• Exercise goal:
Word for word, print out all of the data, omitting every image.

• Data provided:
────────
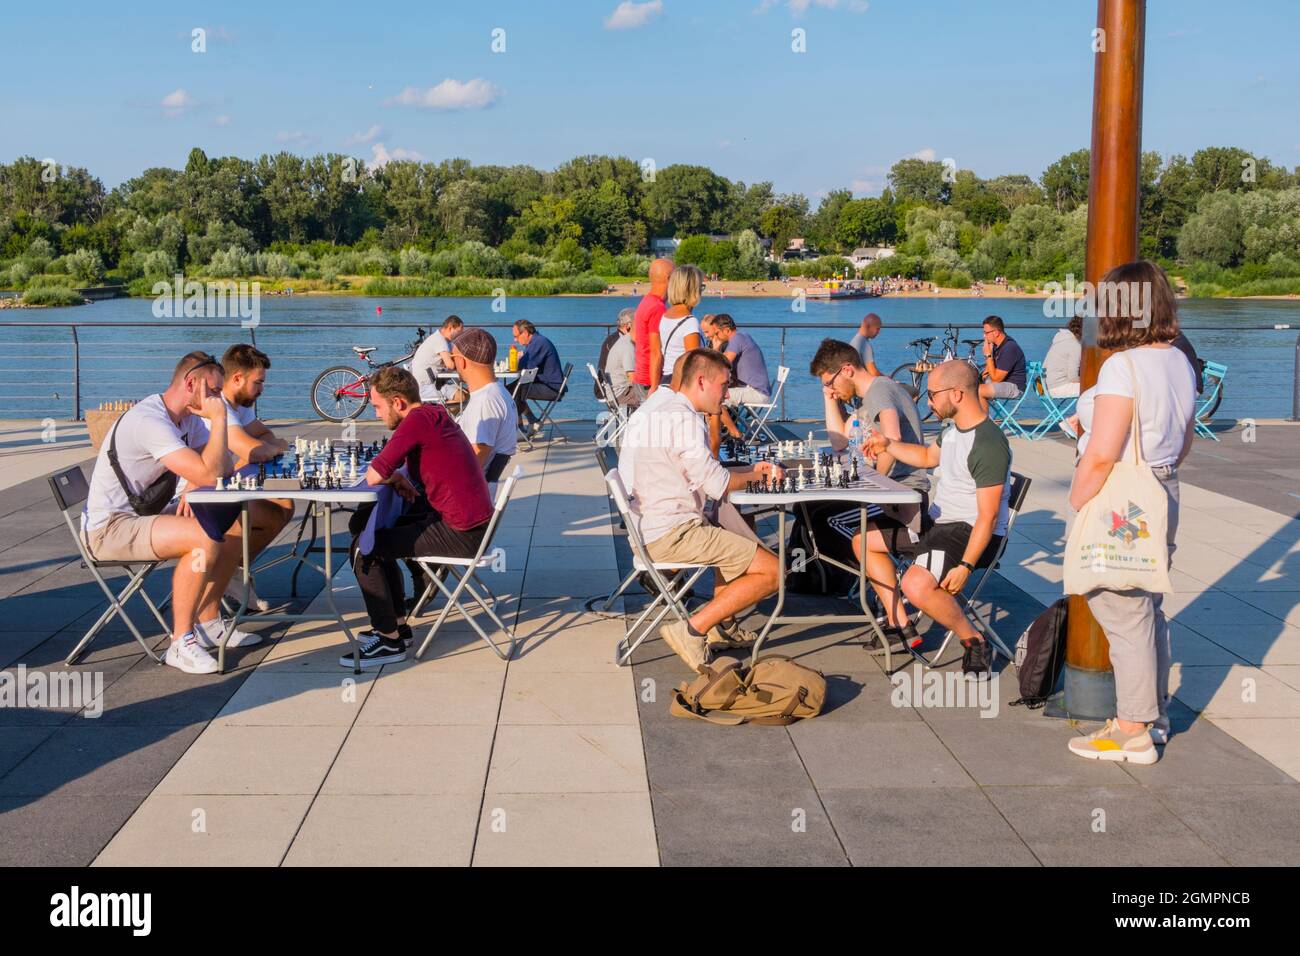 People playing chess, Bulwar Karskiego, Wisła Bulwary, riverside promenades, Warsaw, Poland Stock Photo
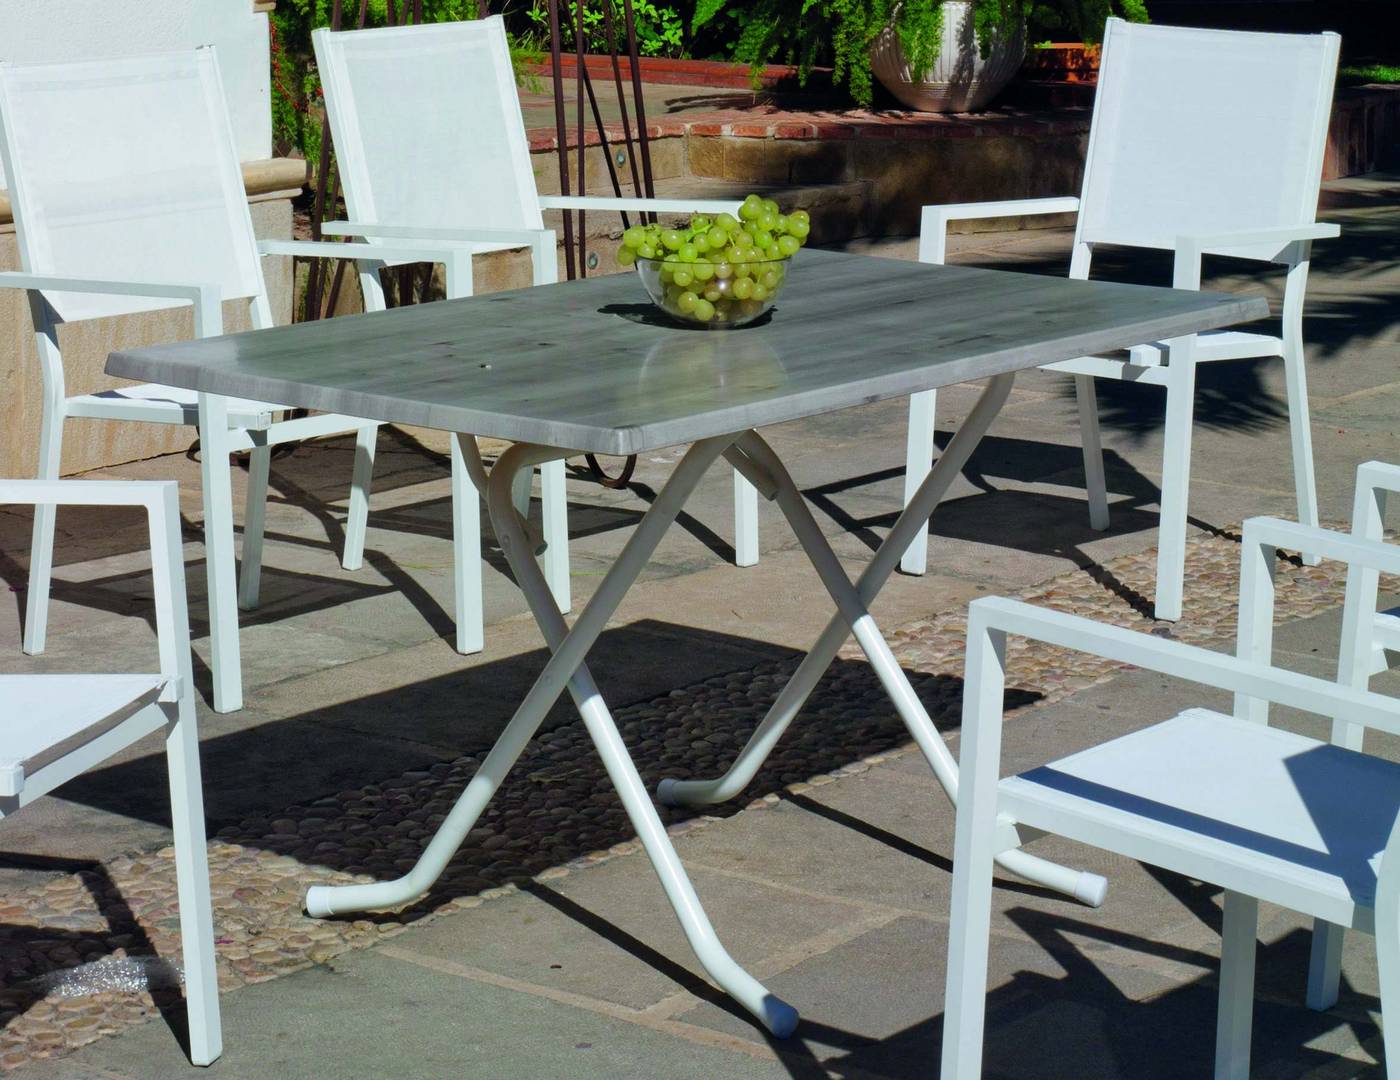 Set Aluminio Arian-Roma 140-6 - Conjunto aluminio color blanco: mesa rectangular plegable de 140 cm. con tablero de heverzaplus + 6 sillones de aluminio y textilen
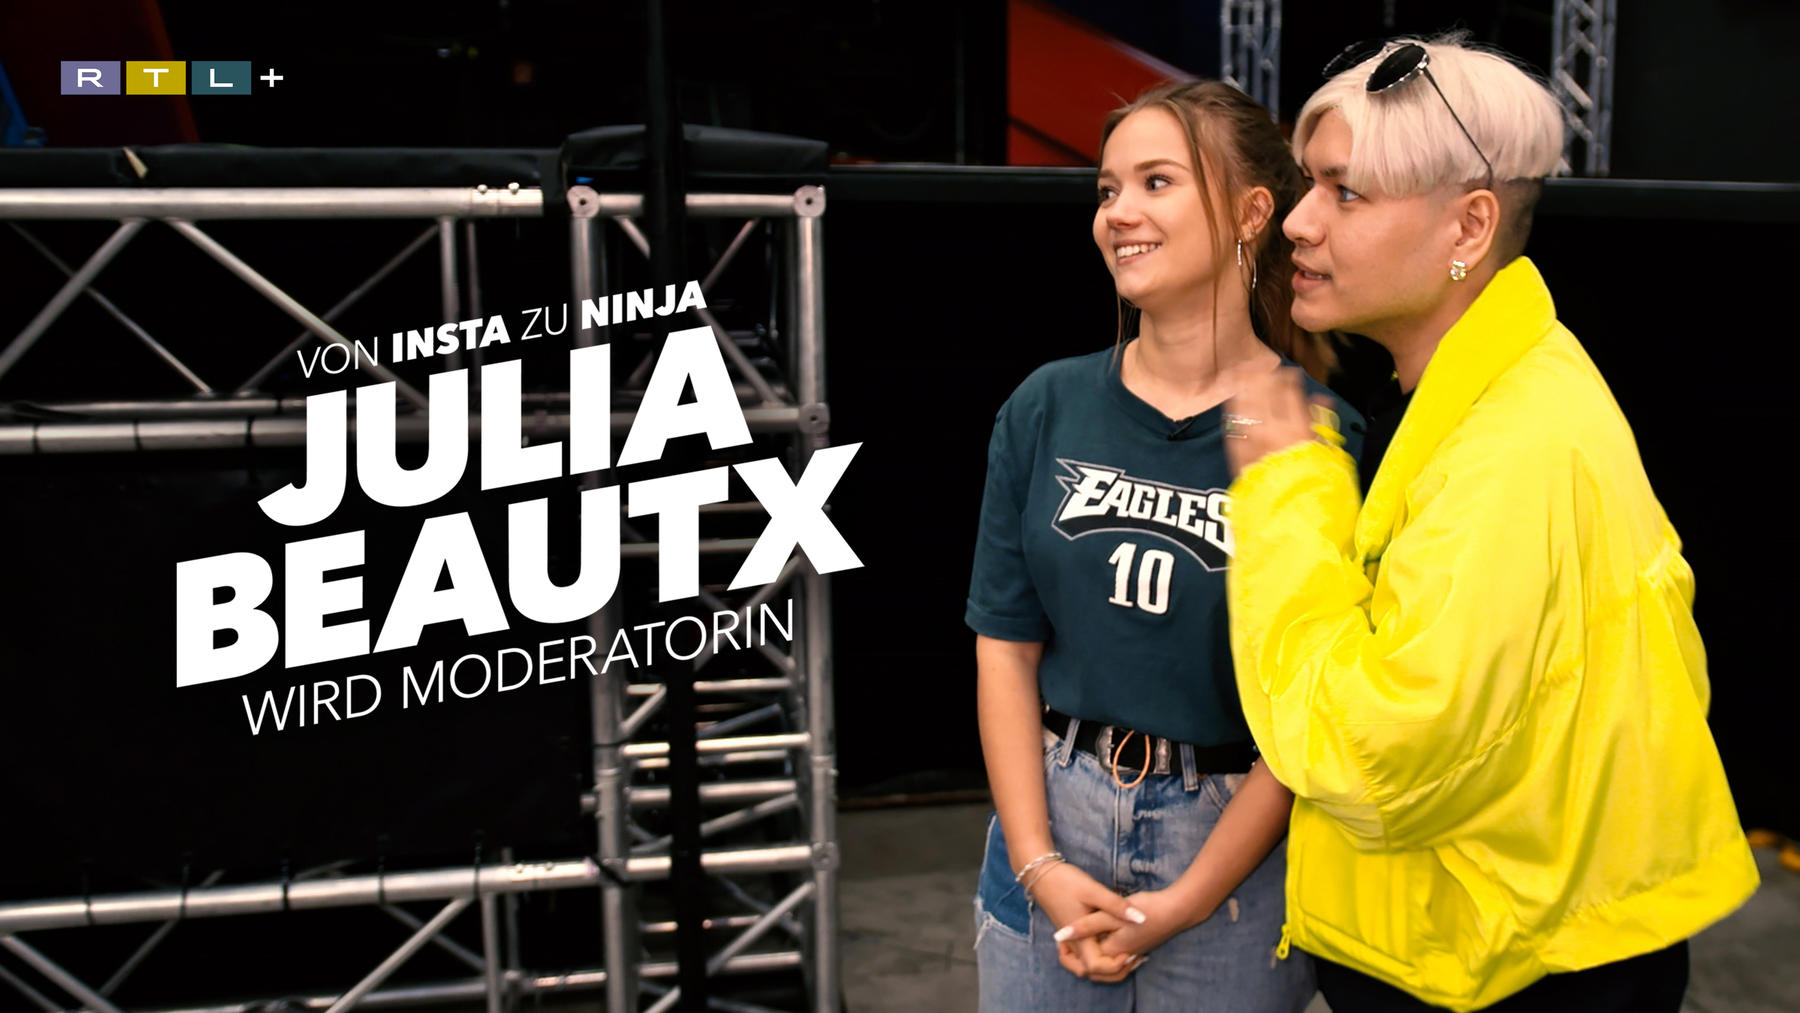 Von Insta zu Ninja - Julia Beautx wird Moderatorin
────────
• Response to this exercise:
 People playing chess, Bulwar Karskiego, Wisła Bulwary, riverside promenades, Warsaw, Poland Stock Photo
 Set Aluminio Arian-Roma 140-6 - Conjunto aluminio color blanco: mesa rectangular plegable de 140 cm. con tablero de heverzaplus + 6 sillones de aluminio y textilen
 Von Insta zu Ninja - Julia Beautx wird Moderatorin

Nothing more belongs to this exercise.